Police have had more than 200 tip-offs about unidentified women murdered in the Netherlands, Belgium and Germany.
It comes a week after the three countries launched a campaign with global policing agency Interpol to find the names of 22 women, whose bodies were discovered between 1976 and 2019.
It is the first time Interpol has gone public with a list seeking information about unidentified bodies.
Police said the women “deserve to get their names back”.
“The information we are receiving now gives us hope for several cases.
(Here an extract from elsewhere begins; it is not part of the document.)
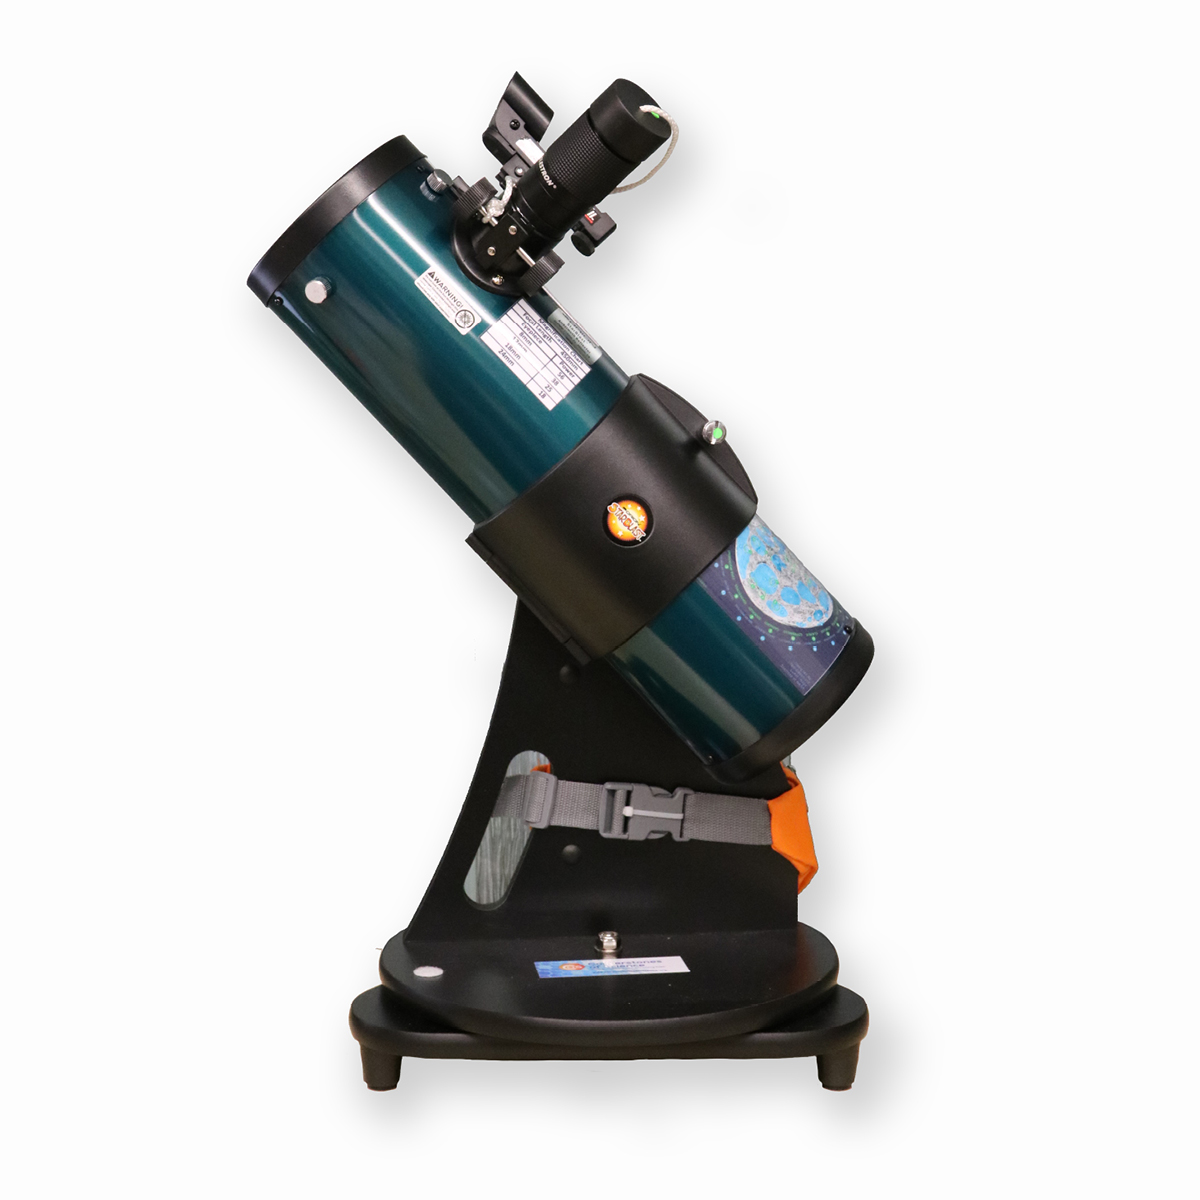 orion starblast 4.5 eq reflector telescope

Every tip can make a difference for the next of kin of the victims,” said Dutch police official Martin de Wit.
Police said they were following up on 122 potentially useful tip-offs for the cases in Germany, 55 in Belgium and 51 in the Netherlands.
Information they have received so far includes possible names of victims, and potential leads about clothing and jewellery the women were wearing.
The so-called black notices released as part of the Operation Identify Me campaign are normally only circulated internally among Interpol’s network of police forces throughout the world.
They include details about the women, photographs of possible identifying items, and, in some cases, new facial reconstructions and information about the cases.
In a statement, police said they were analysing the information they had received so far, and that their first priority would be informing the family if any of the victims’ identities were discovered.
As the women are believed to have been murdered, they added that any identification would lead to criminal investigations.
Most of the victims in the 22 cases were aged between 15 and 30. Without knowing their names or who killed them, police say it is difficult to establish the exact circumstances of their deaths.
The campaign was initiated by Dutch police, who were struggling to identify a woman whose body was discovered in a wheelie bin floating in a river on the outskirts of Amsterdam in 1999.
Other cases include a woman with a distinctive tattoo of a black flower with green leaves and “R’NICK” written underneath who was found lying against a grate in a river in Belgium in 1992, and a woman’s body found wrapped in a carpet and bound with string at a sailing club in Germany in 2002.
Dr Susan Hitchin, coordinator of Interpol’s DNA unit, said the policing agency was continuing to call on the public to come forward with any information that could “help investigators connect the dots”.